Aim of the exercise:
Would you transcribe the whole listing exactly, minus its pictures?

Information supplied:
[Start of Attachment]

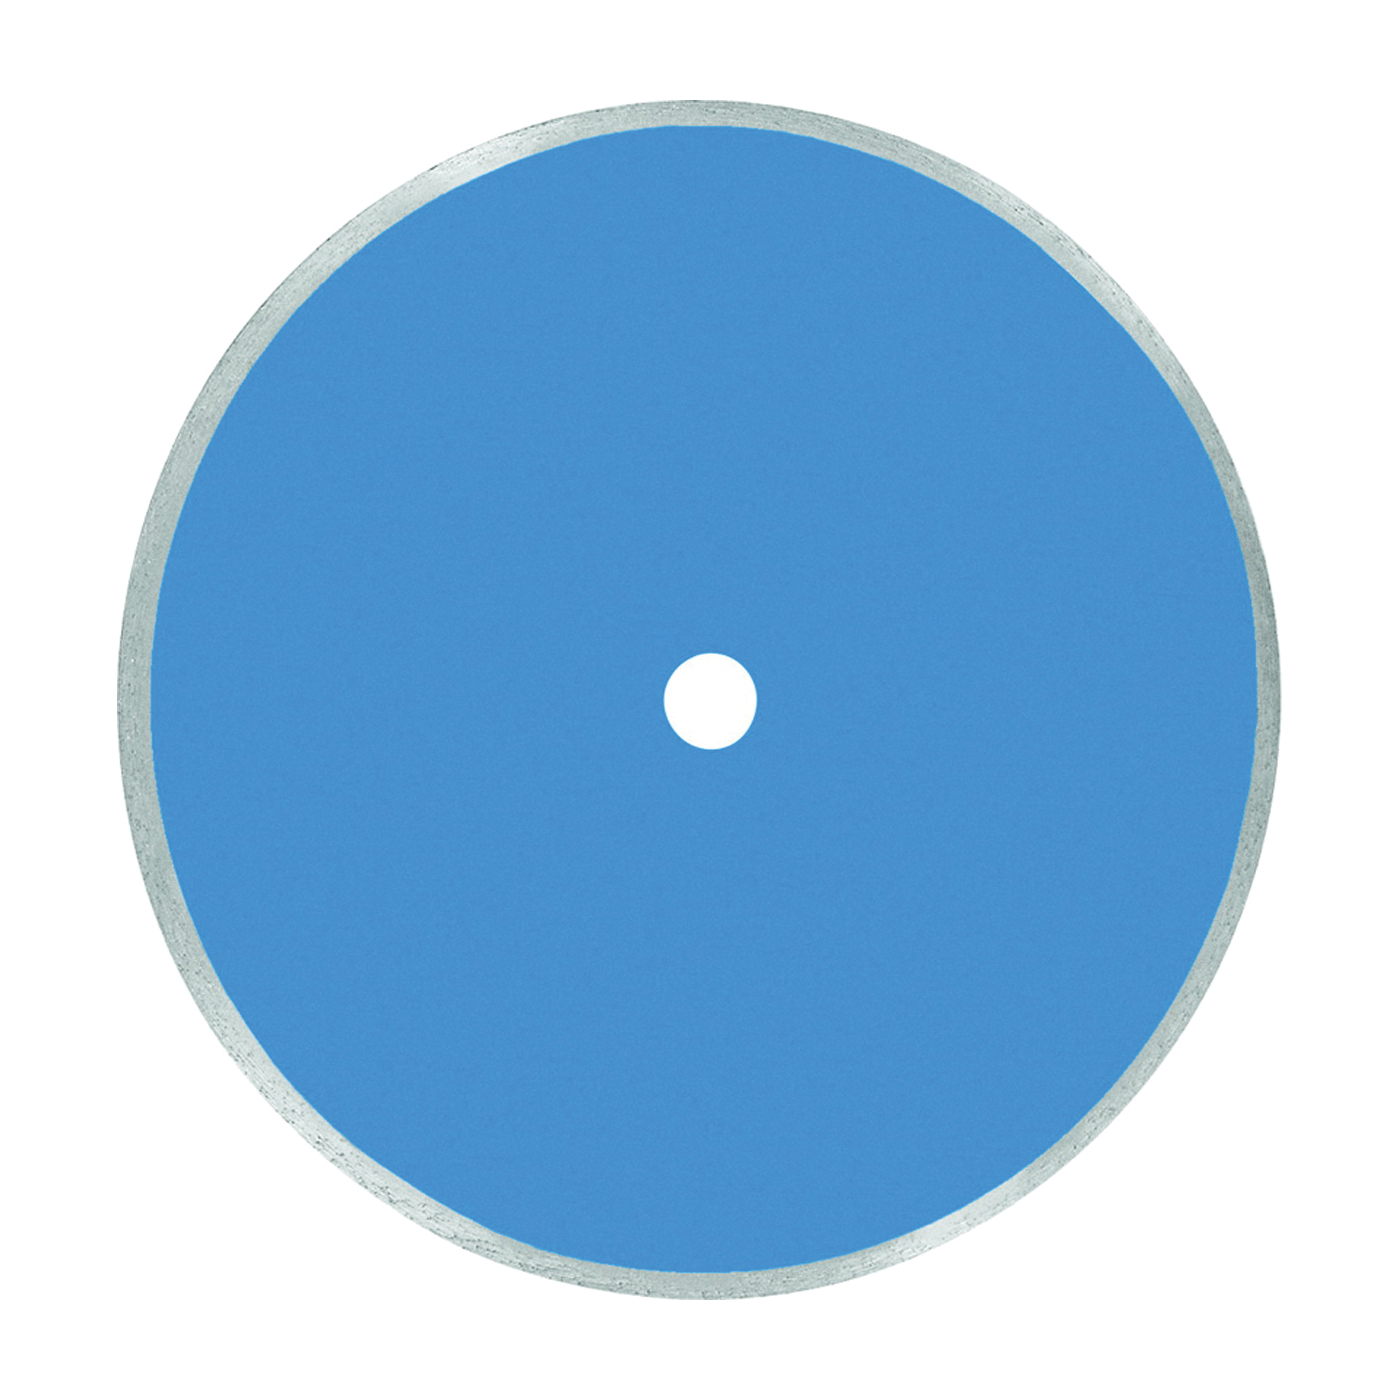 80015 Circular Saw Blade, 8 in Dia, 5/8 in Arbor, Applicable Materials: Tile
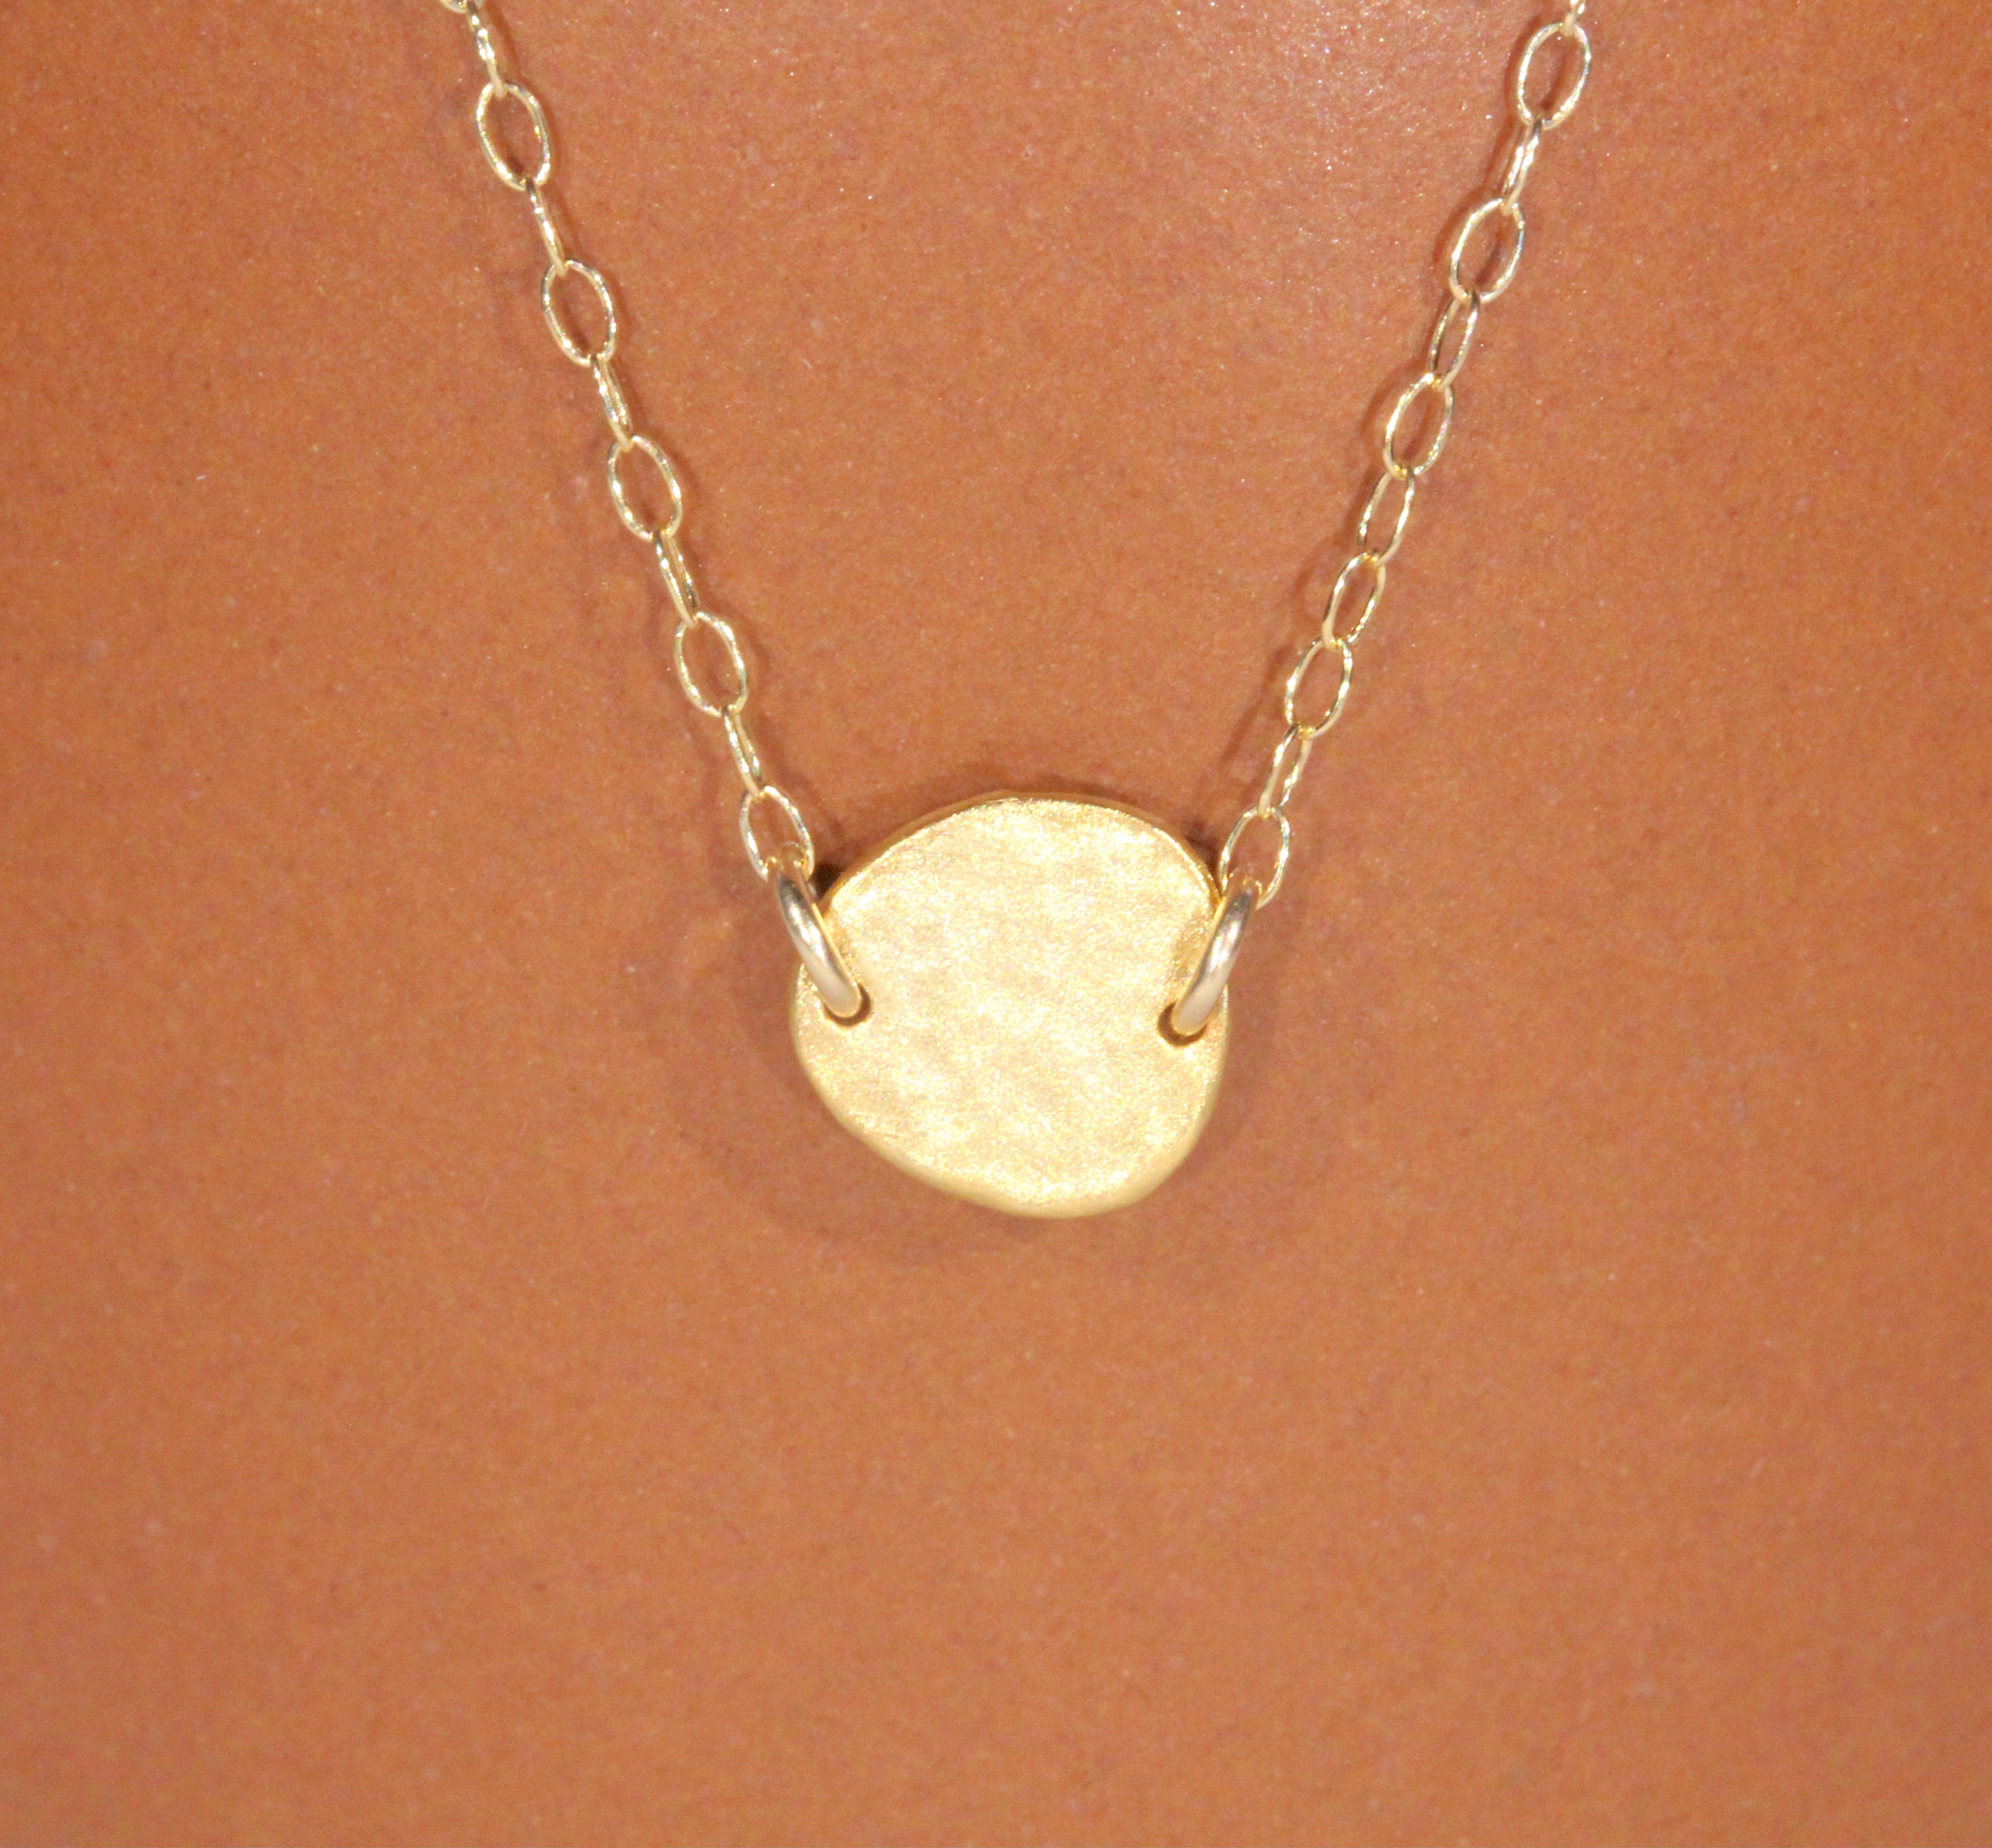 Hammered Disc Pendant Necklace | Skeie's Jewelers
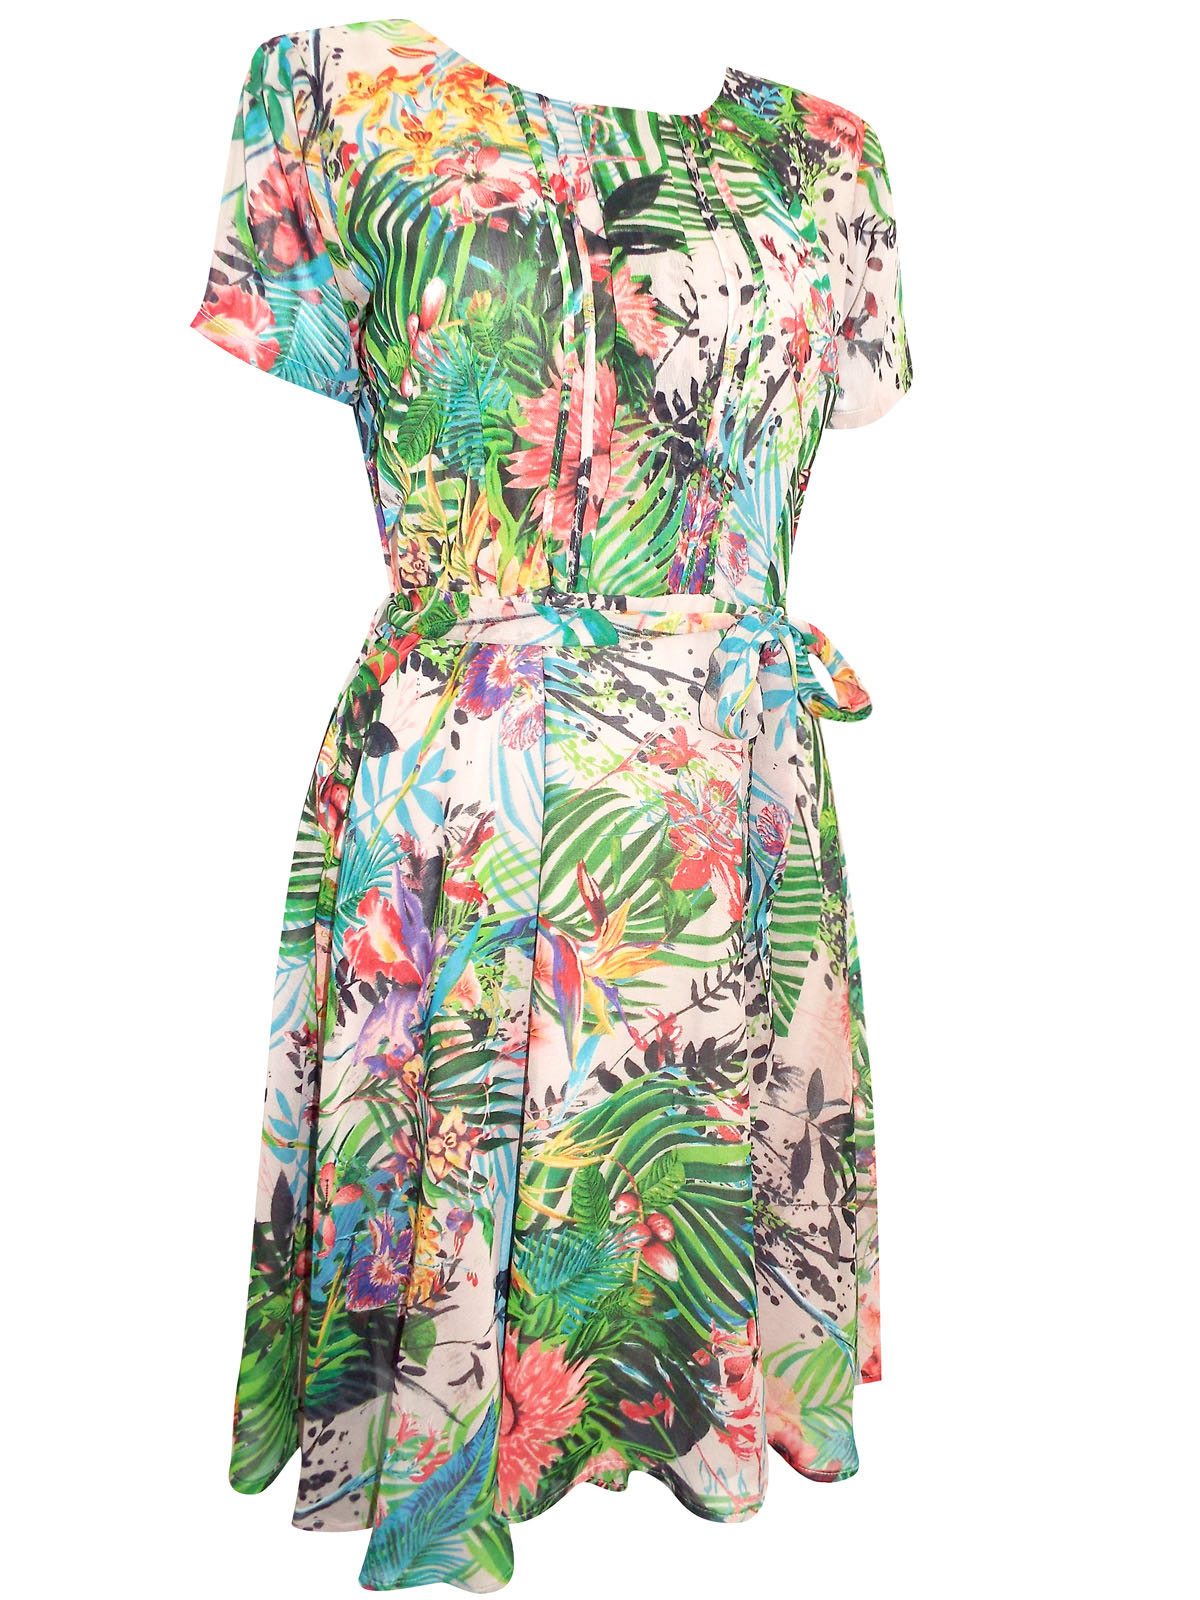 First Avenue GREEN Pleated Palm Print Belted Dress - Size 10 to 20

[End of Attachment]

Written answer:
 80015 Circular Saw Blade, 8 in Dia, 5/8 in Arbor, Applicable Materials: Tile
 Hammered Disc Pendant Necklace | Skeie's Jewelers
 First Avenue GREEN Pleated Palm Print Belted Dress - Size 10 to 20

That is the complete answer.